第20章
Chapter20
金景灝心情不是很好,說了幾句甜言蜜語把章茜打發走後回了自己的公寓。寫到這裡我希望讀者記一下我們域名sto55.com
回去以後發現顧洱不在,更生氣了。
他當時特地用力摟了一把顧洱的腰是想告訴他別怕,即便是在章茜面前也沒什麼的。
可他萬萬沒想到顧洱會會錯意,一個人先跑了。雖然想想顧洱那個蹩腳的演技就會覺得很好笑,可被人扔在店裡的那種失落感也叫人無法忽視。
不過也容不得金大少爺為情困擾超過三分鐘,老於的電話就打進來了。他父親在德國一天內被連下三次病危通知。老於讓他乘坐最快的航班趕到慕尼黑來。
金景灝匆忙收拾了行李,往機場趕去。車在高速公路上快速行駛著,不一會兒天空就下起了小雨,他想起那天和駱律在馬場見面也是這樣煙雨濛濛的天氣。到了機場,快速辦理完checkin,他在頭等艙候機室還是忍不住哽咽起來。十二年前他在學校接到老於的那通電話也大抵是相同的語氣,驚慌、悲痛這些情緒本該從很早以前開始就不屬於他了,可真到到類似的噩耗再次找到他那一刻,他忍不住害怕,想要躲避。他打開筆記本電腦,開始認真處理公務,先是煞有介事的給秘書打了一通電話,要求把一月底的那一周空出來,因為那天是王伯伯的六十大壽,他要親自前往第一軍區道賀。然後再把收件箱打開,一封接著一封回復了很多郵件,到最後郵箱裡已經沒有東西可以回了,他又點開公司的投訴信箱一封接著一封閱讀起來。
終於,機場廣播提示他的航班已經可以登機,金景灝把筆記本合上裝進公文包里,站起身,下巴微低,對親自前來提醒他登機的空姐微笑著道謝。然後頭也不回往登機口走去。
金景灝趕回到慕尼黑時,他的父親正在ICU里躺著,醫院院長,主治醫生,護士,還有律師團隊們都站在一旁等著他簽字。這個不到六十歲的金家掌門人已經被宣布腦死亡,但按照遺囑,必須在長子簽字以後,才能將他從ICU里推出來接受物理死亡。金景灝神情凝重,向律師團隊還有醫師團隊點頭致意,隨後,他轉過頭去,透過玻璃再看了一眼躺在病床上渾身被插滿管子的父親,就把筆拿起來乾淨利落的在放棄治療那一欄簽下了自己的名字。

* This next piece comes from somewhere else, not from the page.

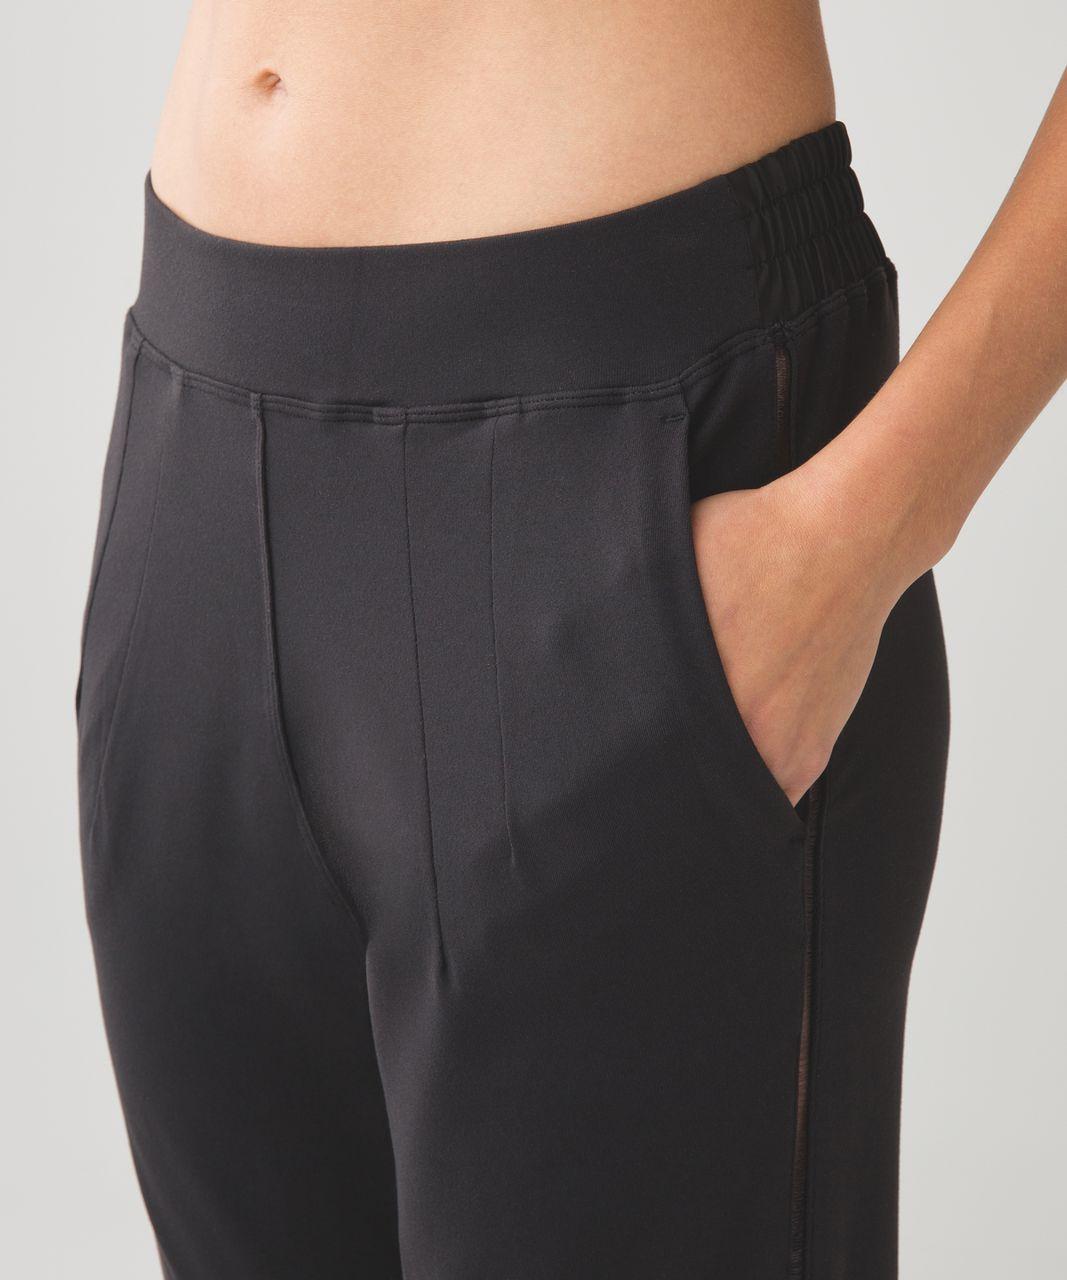 Lululemon Post Barre Pant - Black

繼母帶著兩個兒子趕到病房時,他的父親已經在五分鐘前咽下了最後一口氣。金景灝看著繼母那張悲痛欲絕的臉心裡竟然能感覺到一絲痛快,因為他的父親,在他生母與世別理的最後一刻,也沒來的急和她見上最後一面。
ICU病房這一層人少的可怕,呼吸聲稍微大一點都能被人聽見。律師和醫生都已經先後離開了。只剩下金景灝一個人在走廊站著,冷色調的燈光柔和的照在他臉上,把皮膚襯的很白,他用手揉了揉眼睛,擦去了一些不該存在的濕潤。過了今晚,他就會徹底失去雙親,明天律師將會將父親的遺囑公之於眾,那份遺囑會將他送上財富與權力的巔峰,和今天晚上如病毒般蔓延、滋長的孤獨一起。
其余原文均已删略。